Merge pull request ESCOMP#1598 from billsacks/doc_arguments

Command-line argument design document
chrislxj · Jan 30, 2022 · 0b5d7e0 · 0b5d7e0
2 parents bf365e0 + 2d381f7
commit 0b5d7e0
Showing 1 changed file with 83 additions and 0 deletions.
diff --git a/doc/design/python_script_user_interface.rst b/doc/design/python_script_user_interface.rst
@@ -0,0 +1,83 @@
+.. sectnum::
+
+.. contents::
+
+==================================
+ Overview of this design document
+==================================
+
+This documents various conventions for the user interface of python scripts. The focus here is on user-visible aspects, as opposed to implementation details.
+
+====================================================
+ Separation of front-end scripts from implementation
+====================================================
+
+Most python code resides in the ``python/ctsm`` directory, and modules there have a ``.py`` extension. However, scripts that are run from the command-line have small wrapper files that reside in appropriate places throughout the repository (e.g., in the ``tools`` directory). These wrapper files should *not* have a ``.py`` extension, and should contain as little python code as possible (since these files aren't checked by pylint and cannot easily be unit tested): typically they contain just enough code to setup the python path, load a python module, and then call the main function from that module. See examples throughout CTSM for details.
+
+Rationale: Modules meant to be imported (i.e., everything under ``python/ctsm``) should have a ``.py`` extension. However, it is valuable to keep the extension off of the scripts that users run for a few reasons:
+
+1. A user shouldn't need to know what language a script is in when all they want to do is to run the script
+2. We want to avoid the need for retraining users, updating documentation, etc. if we change the implementation language
+3. Standard Unix utilities rarely if ever require specifying the language extension when running them; the same is true for the core scripts in CIME (``create_newcase``, ``xmlchange``, etc.); we would like to stay consistent with these other scripts and utilities
+
+Counter-arguments: Arguments for keeping a ``.py`` extension even on the files meant to be run by users are the following:
+
+1. It's obvious from looking at a directory listing what language a file is in
+2. This extension may be needed on Windows systems
+3. The file extension is needed to support linting, unit testing, etc.
+
+Although there are good arguments on both sides, the stability of the user experience is supported by excluding the language extension. We choose to prioritize the user experience over developer convenience. (The possible inability of running on Windows systems does not currently feel like an issue, because users don't typically try to run these scripts on Windows systems as far as we know.)
+
+========================================
+ Conventions for command-line arguments
+========================================
+
+1. Longer options:
+
+Options that are more than a single character should be formatted as ``--some-variable`` -- i.e., with a double leading hyphen and a hyphen as word separator.
+
+   * Rationale: This follows the `POSIX conventions <https://www.gnu.org/software/libc/manual/html_node/Argument-Syntax.html>`_.
+
+2. Standard options: verbose, silent, help and debug:
+
+Scripts should support ``--verbose`` / ``-v`` and ``--debug`` options. See comments at the top of ``ctsm_logging.py`` for details.

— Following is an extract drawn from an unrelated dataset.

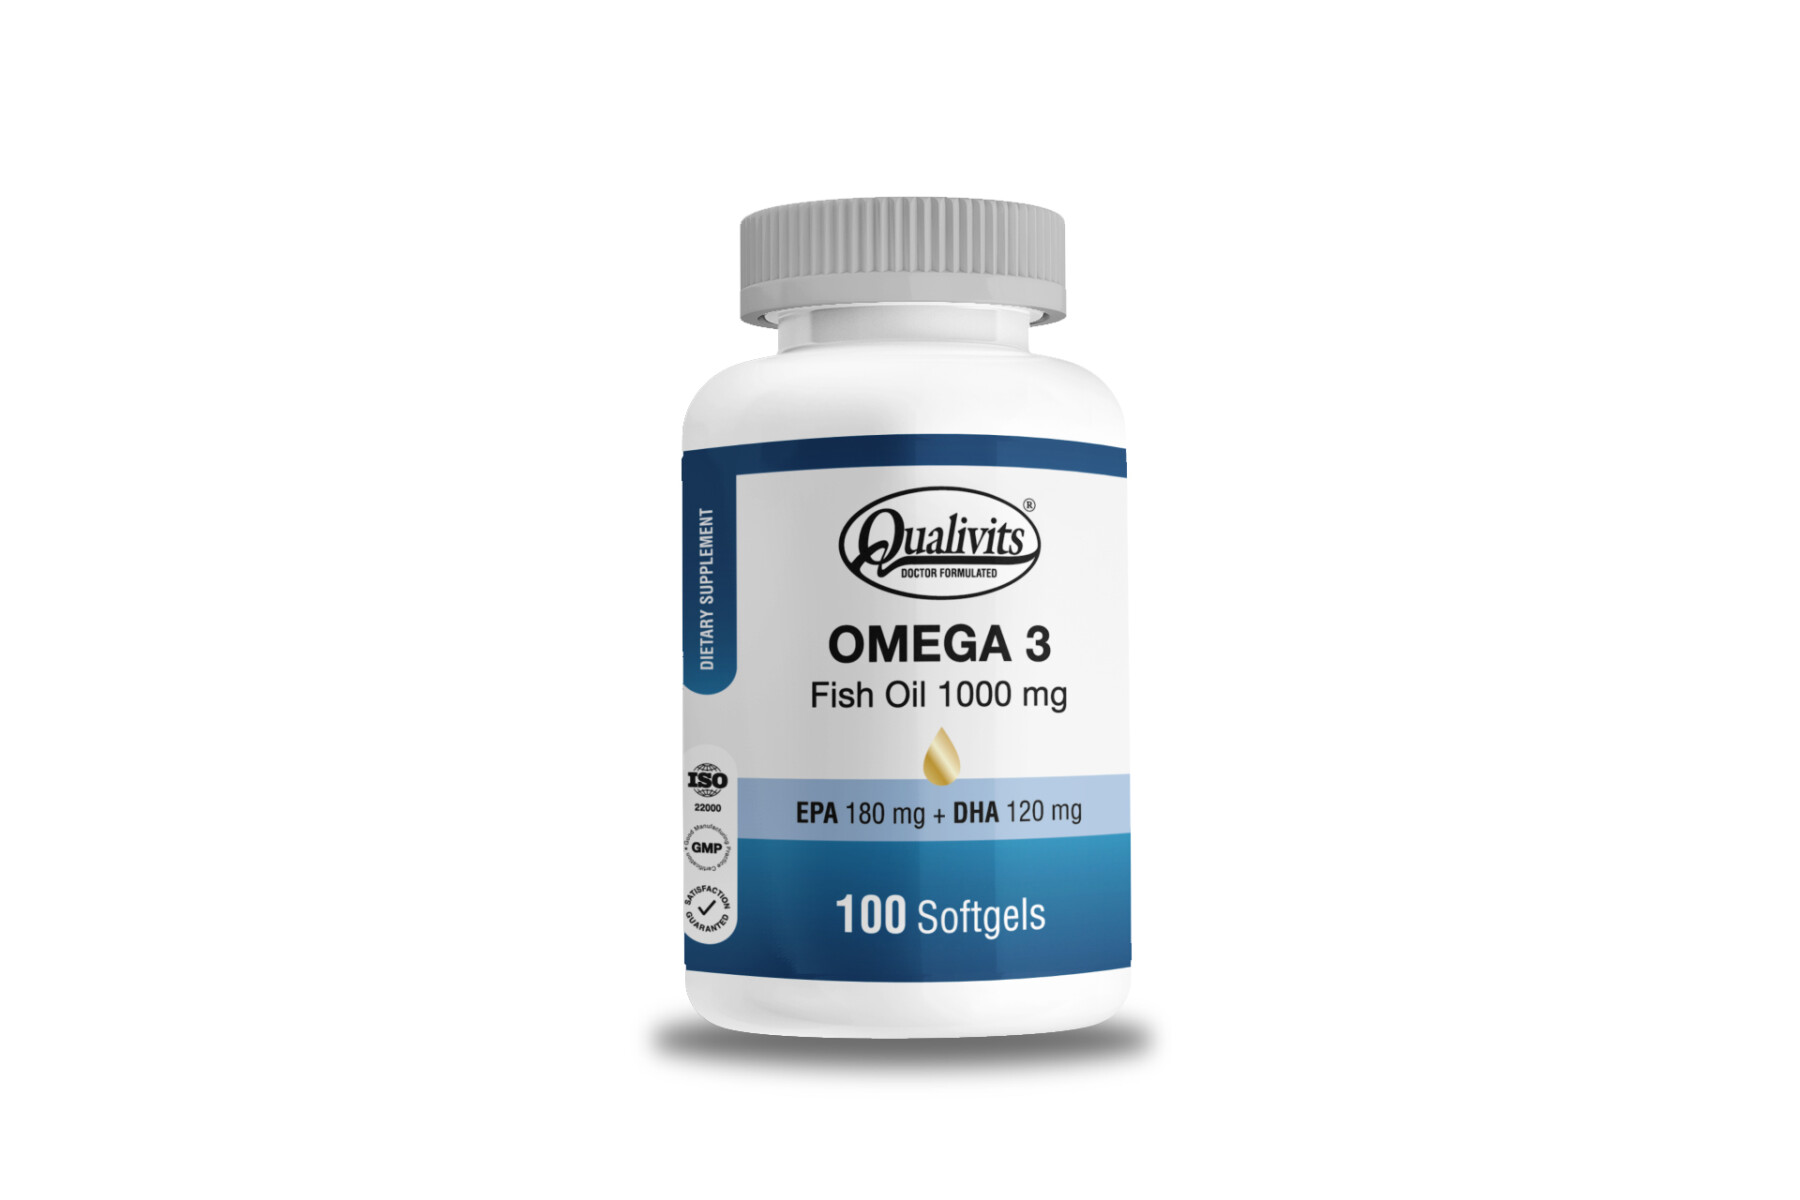 Qualivits Omega 3 - Fish Oil 1000 mg 100 Softgels 
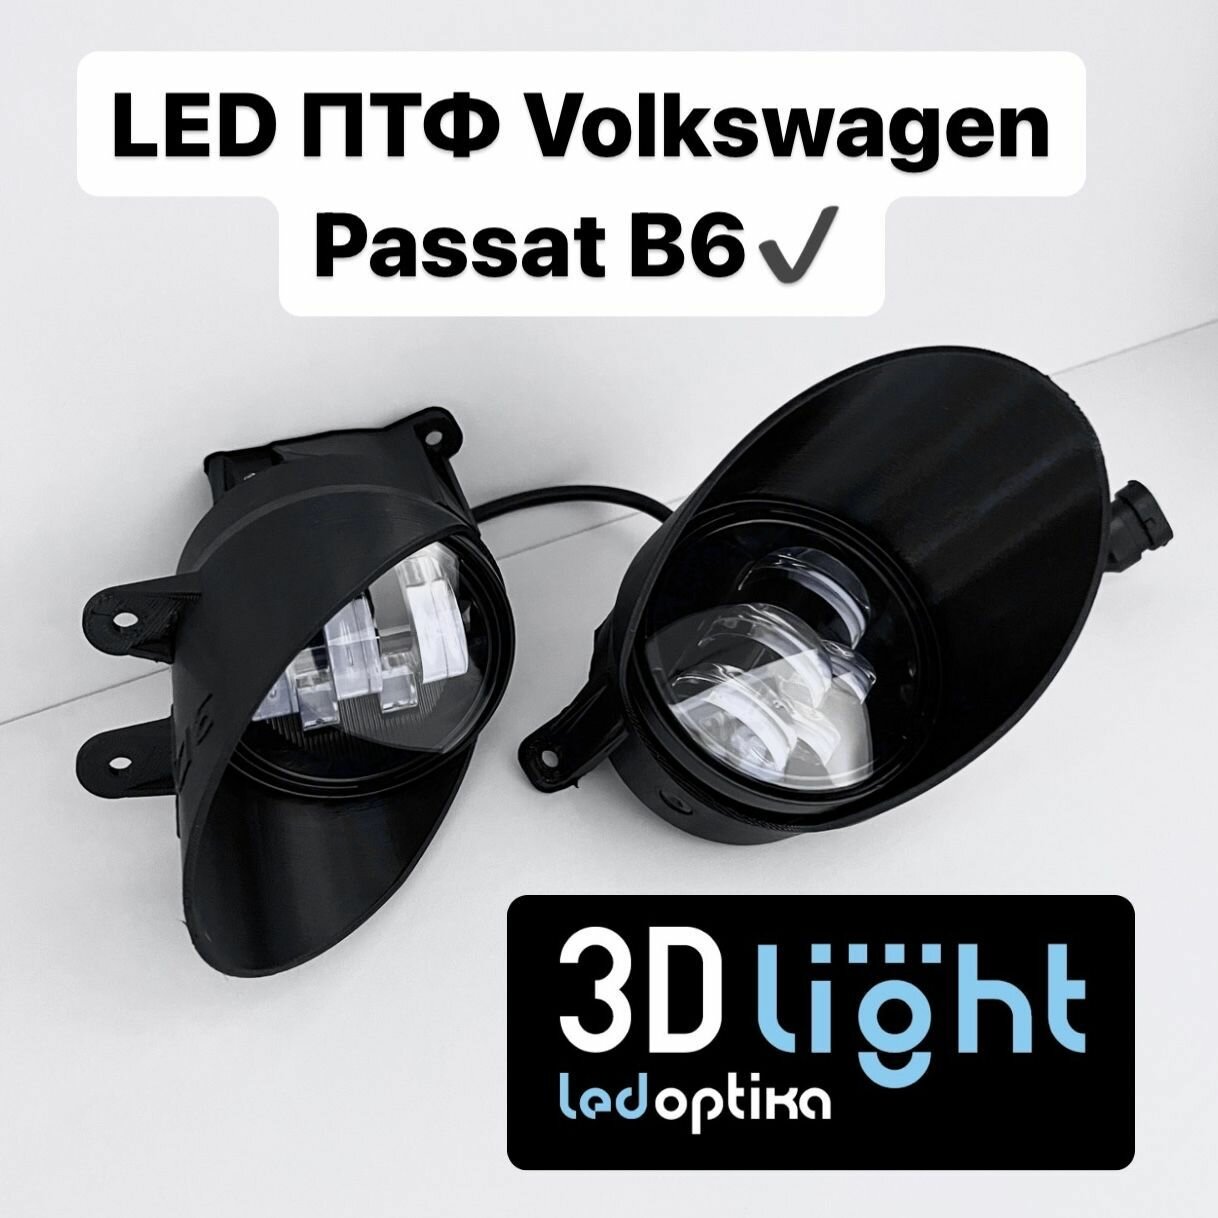 Противотуманные фары LED светодиодные 3D-Light для Volkswagen Passat B6 (Пассат Б6) Однорежимные белый свет 5 линз 55w

+Also the options silent and help are recommended as well.
+
+3. Value flags:
+
+For arguments that need a value: If there is no obvious default for the value, then the argument should be required rather than being given a default that the user will often need to override. A general rule of thumb is: if, say, 75% -- 90% of users will want a particular value, then it can be okay to have this value as the default; otherwise, it should be a required argument. This holds even for arguments that are only needed in certain circumstances: For example, if argument ``--fooval FOOVAL`` needs to be given whenever ``--bar`` is given, but there is no obvious default for ``FOOVAL``, then the argument parsing should be coded so that ``--fooval`` does not have a default, and there is error checking code that ensures that ``fooval`` has been specified (not ``None``) if ``--bar`` was given.
+
+   * Rationale: Giving an argument a default value means that we can't catch and report when a user forgets to set it but should have set it. Leaving off the default allows for this error checking.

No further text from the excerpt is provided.